## What the task asks
The listing is to be transcribed in full, with its images left out.

## Stored data
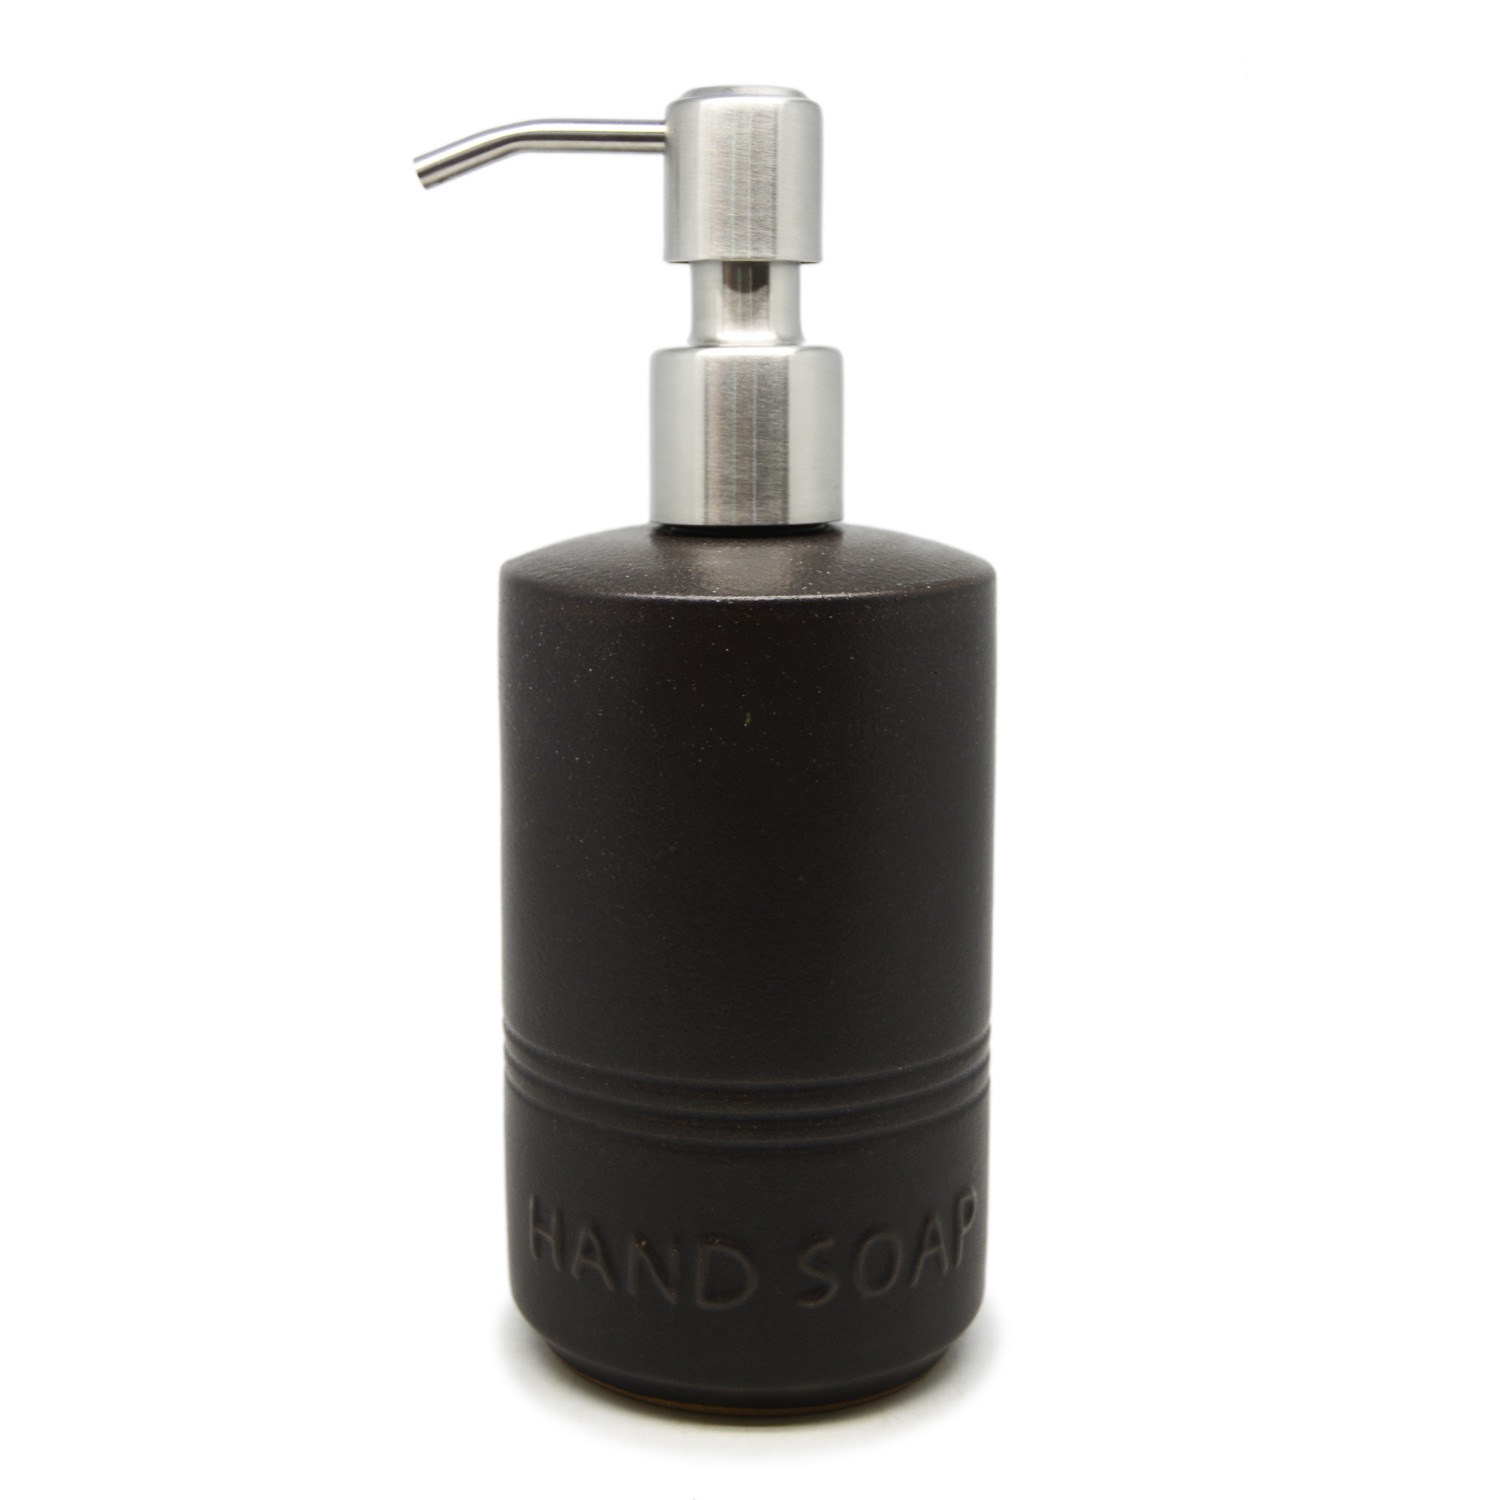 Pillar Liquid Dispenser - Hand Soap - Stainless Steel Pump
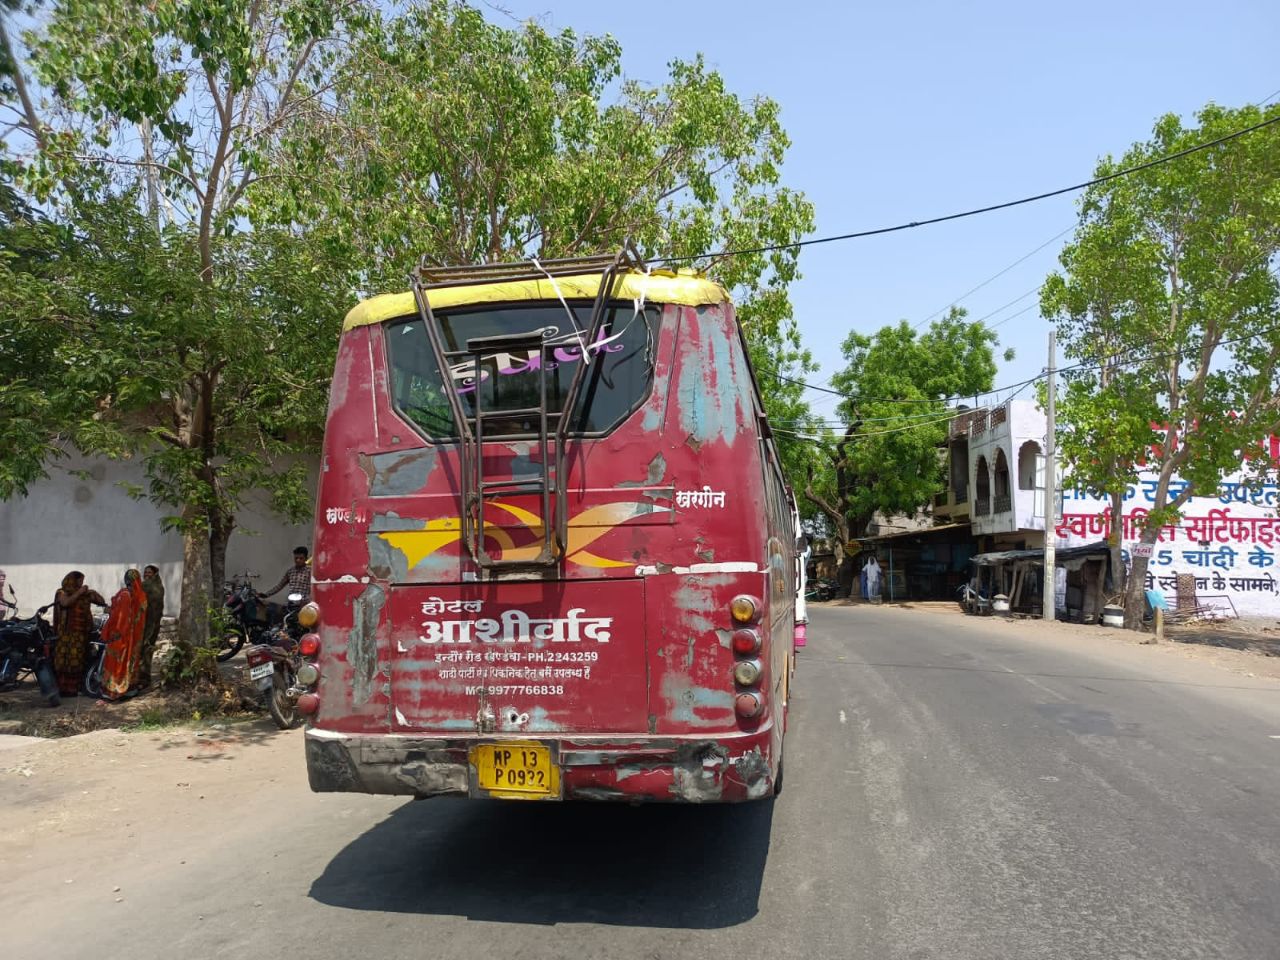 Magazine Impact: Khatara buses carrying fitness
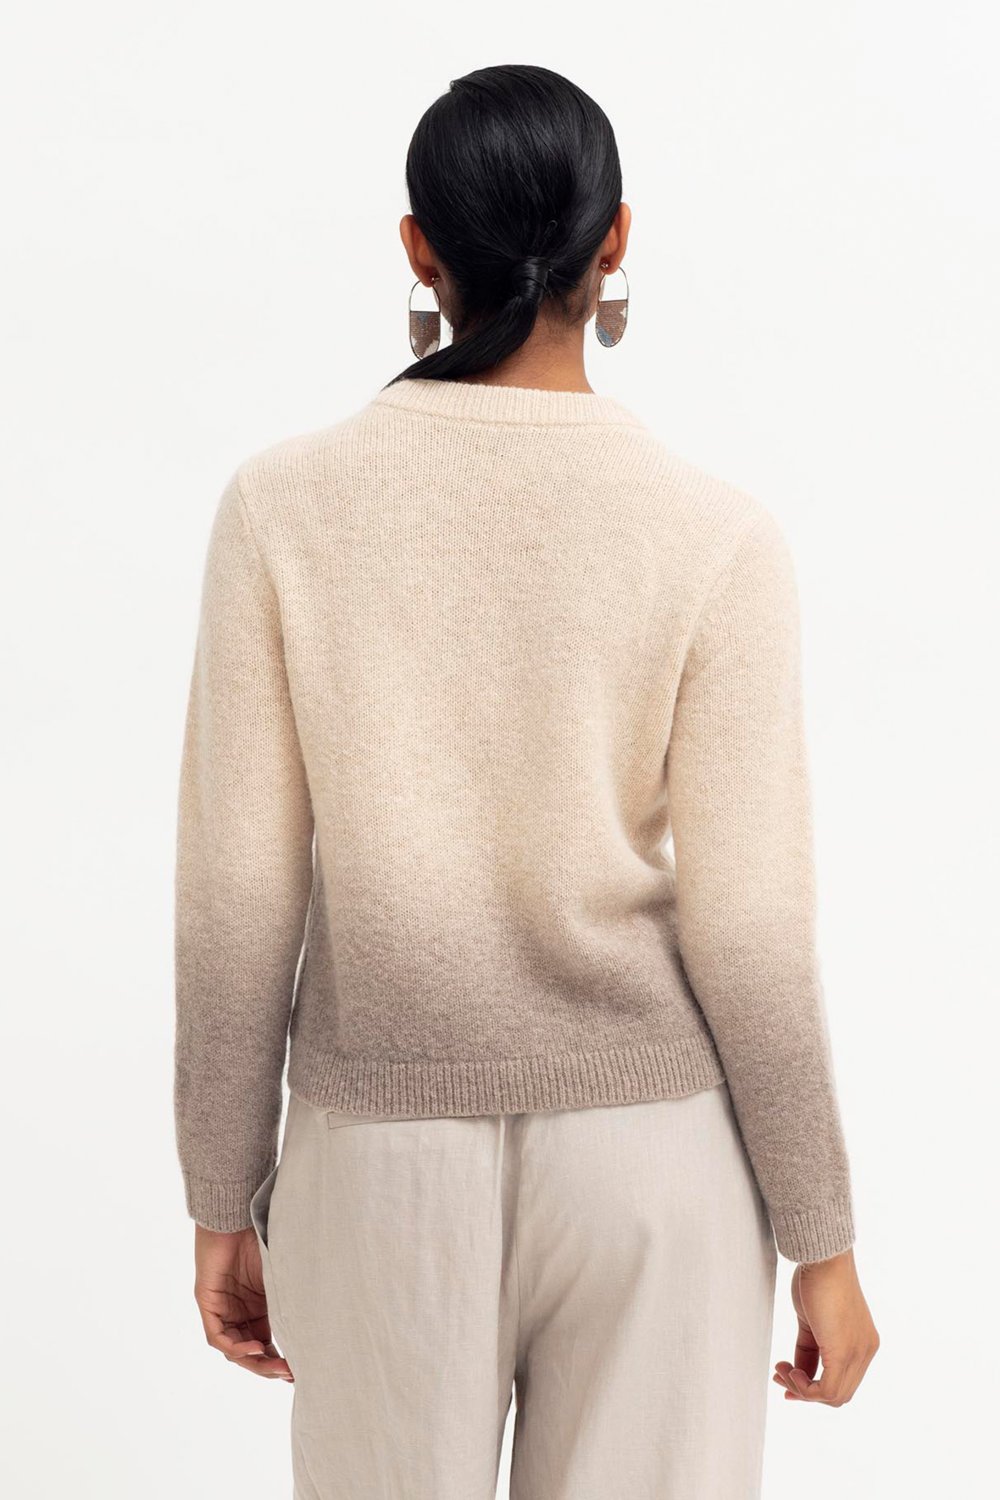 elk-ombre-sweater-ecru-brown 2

## Solved exercise
 Pillar Liquid Dispenser - Hand Soap - Stainless Steel Pump
 Magazine Impact: Khatara buses carrying fitness
 elk-ombre-sweater-ecru-brown 2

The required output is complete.